3. Mandy So sinisterly beautiful & deafening that its aesthetic indulgences become a grotesque, horrifying display. This is less of a revenge thriller than it is a Hellish nightmare, a dream logic horror-show that drifts further away from the rules & sensory palettes of reality the deeper it sinks into its characters’ trauma & grief. Nic Cage may slay biker demons & religious acid freaks with a self-forged axe in a neon-lit, alternate dimension 1980s, but Mandy is not headbanging party metal. It’s more stoned-and-alone, crying over past trauma to doom riffs metal, where the flashes of fun & cosmic absurdity are only reminders of how cruelly uncaring & meaningless it can feel to be alive.

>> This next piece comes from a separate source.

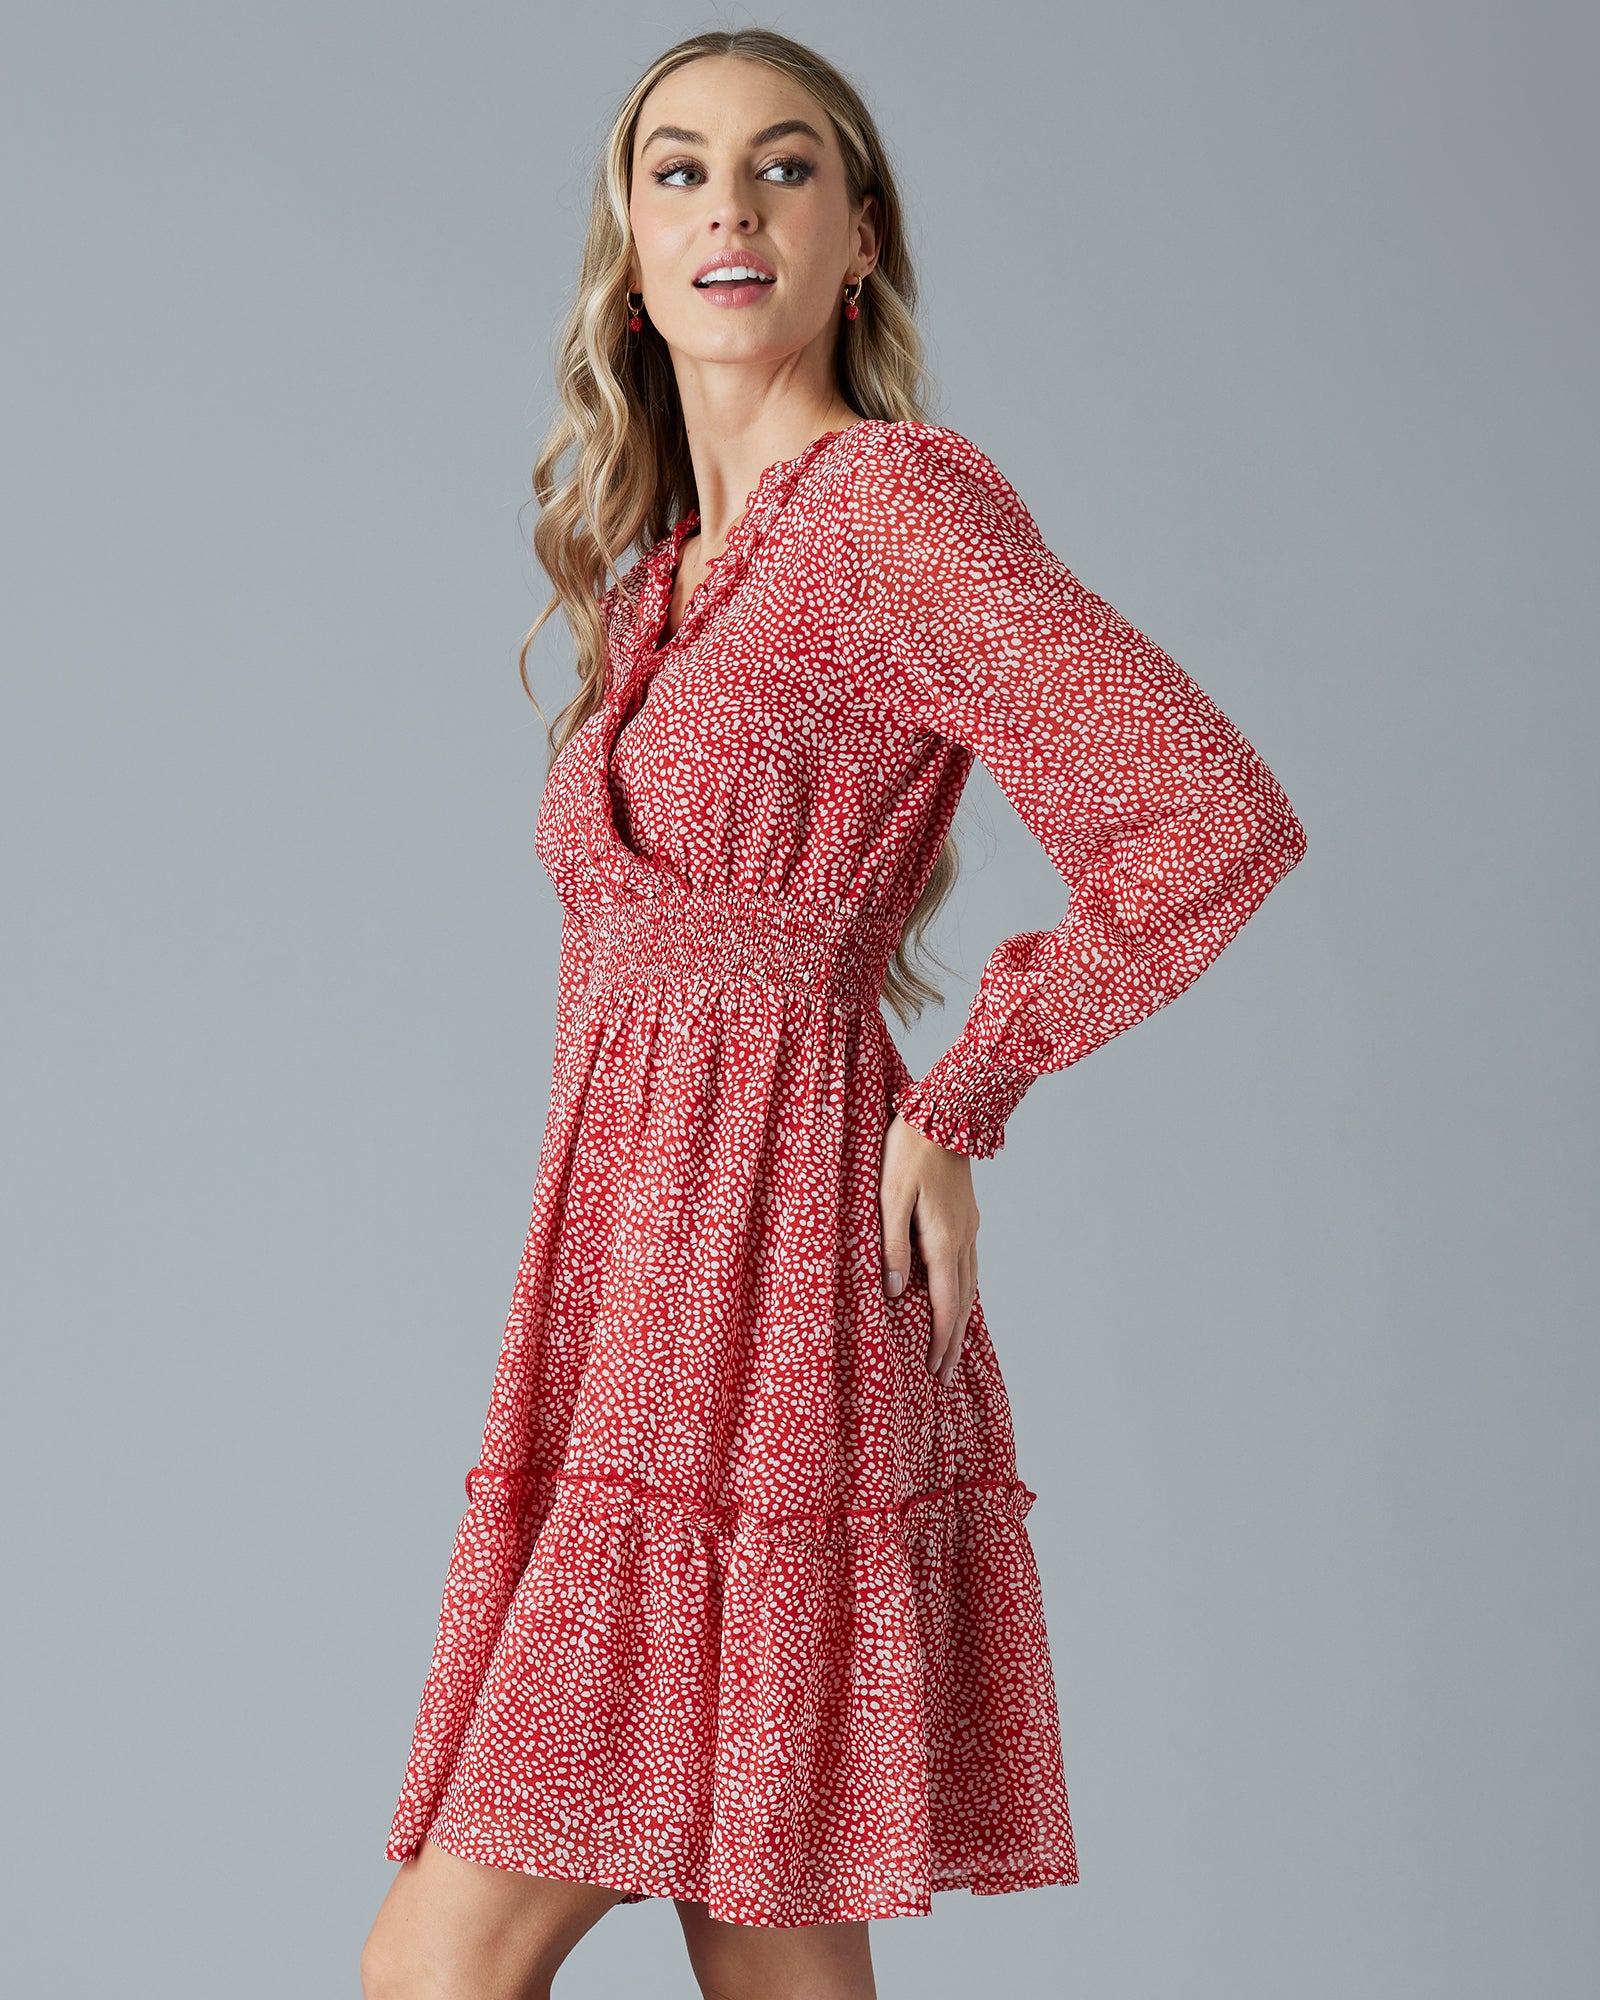 Woman wearing a floral print, long sleeve, knee-length dress.

4. Dirty Computer A fifty-minute narrative film stringing together an anthology of music videos with a dystopian sci-fi wraparound, this “emotion picture” delivers on the genre film undertones promised in Janelle Monáe’s early pop music career while also advancing the visual album as a medium to a new modern high. There are seven different directors listed as having collaborated on individual segments of Dirty Computer, but Monáe clearly stands out as the auteur of the project. A large part of that auteuism is how the film works as an expression of her newly public identity as a queer black woman navigating an increasingly hostile world that targets Others in her position, to the point where a tyrannical government facility is literally draining the gay out of her in tubes of rainbow ooze before she rises against them in open bisexual rebellion.

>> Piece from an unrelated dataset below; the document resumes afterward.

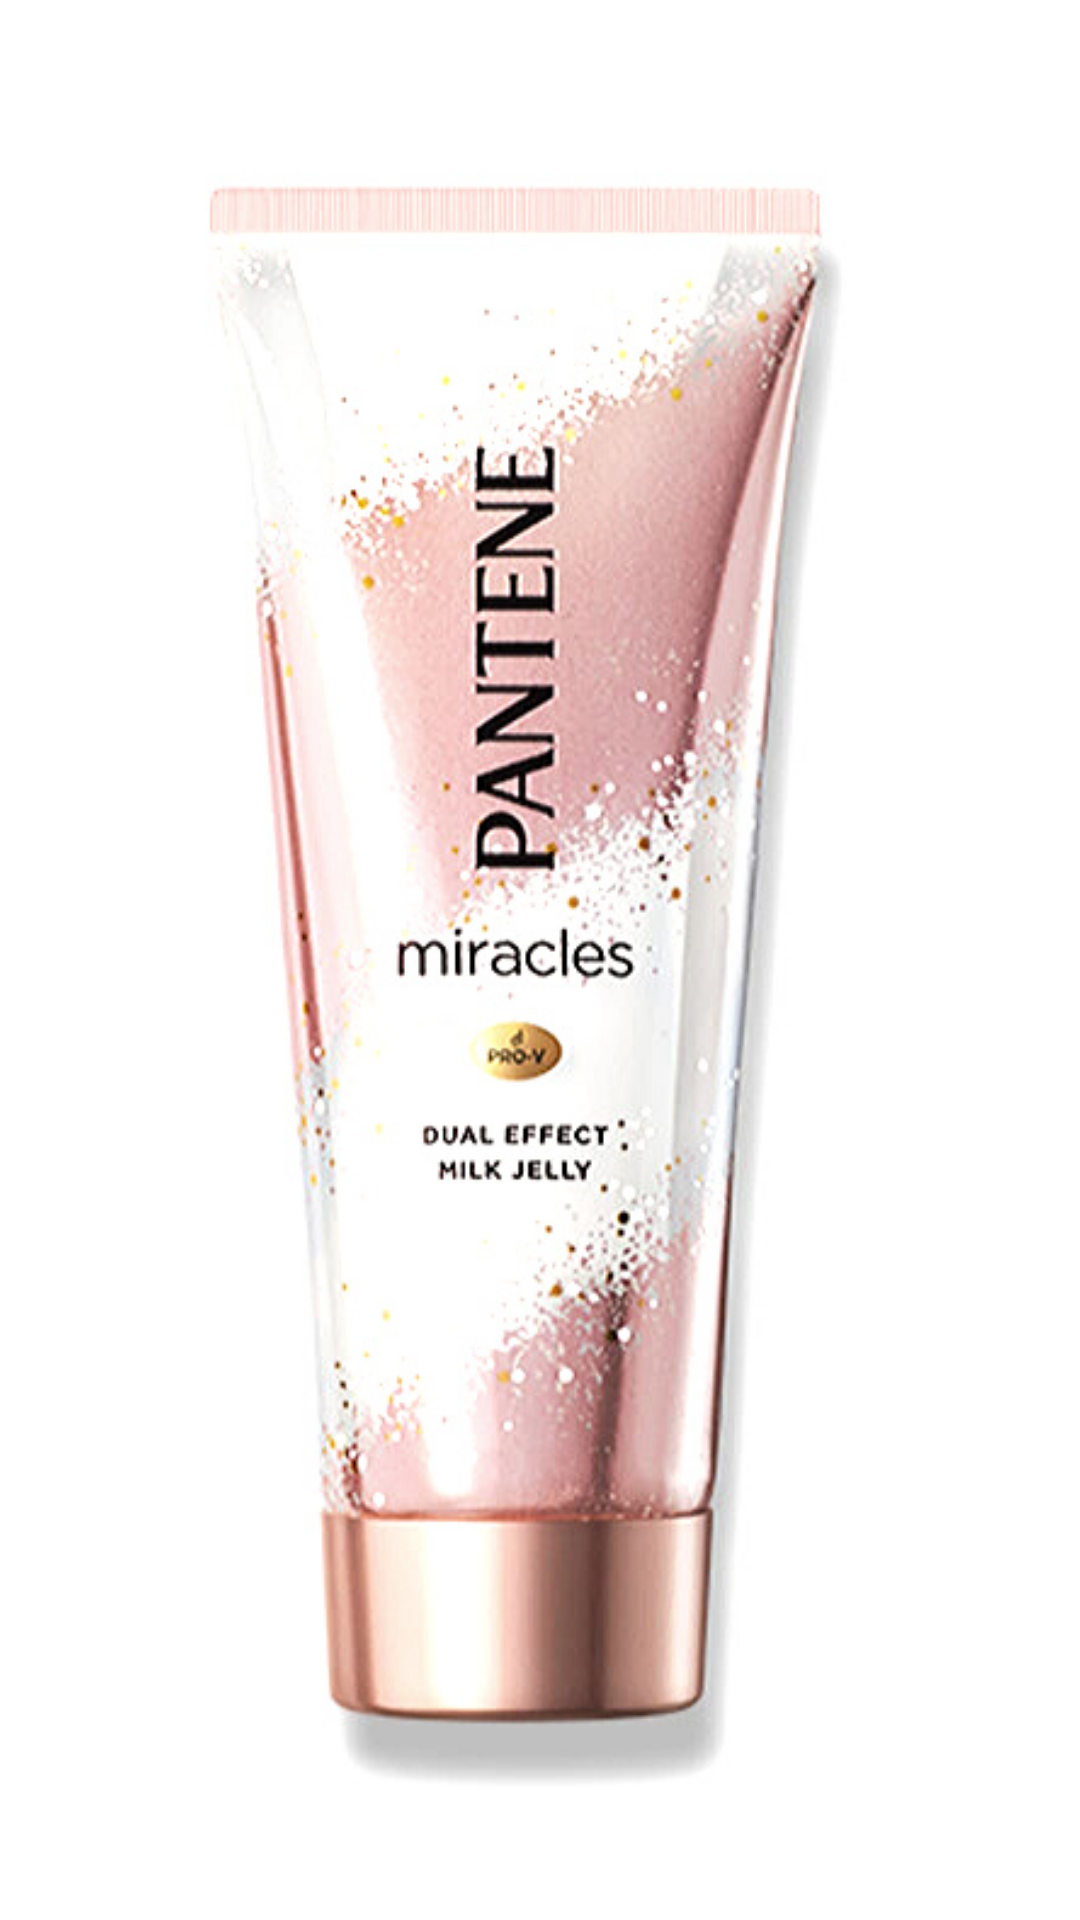 Pantene Miracles Dual Effect Milk Jelly

5. Sorry to Bother You – Incredibly dense, gleefully overstuffed sci-fi satire about the Amazon Prime-sponsored hellscape we’re already living in today – just bursting with things to say about race, labor, wealth, and the art of selling out. I can see how this movie’s third-act rug-pull could make a lot of people wince at it for going too far over-the-top, but that’s exactly when it went from good to great for me. The fact that it’s never satisfied with exploring one idea at a time when it could just as easily flood the screen with thousands is what endears it to me as one of the year’s clear stand-outs; more films cold benefit from being this wild & unrestrained, subtlety be damned.

6. Paddington 2 There has always been dissent against the wholesome tweeness of visual artists like Michel Gondry & Wes Anderson, but those naysayers typically don’t give full credit to the deeply devastating sadness that lurks just under their works’ meticulously manicured surfaces. Paddington 2 nails both sides of that divide – the visually precious and the emotionally fragile – while teaching kids an important lesson about applying simple concepts like politeness & manners to their interactions with social & cultural outsiders. We always say we wish more children’s films were ambitious in their craft & purposeful in their thematic messaging; Paddington 2 wholly satisfies both demands.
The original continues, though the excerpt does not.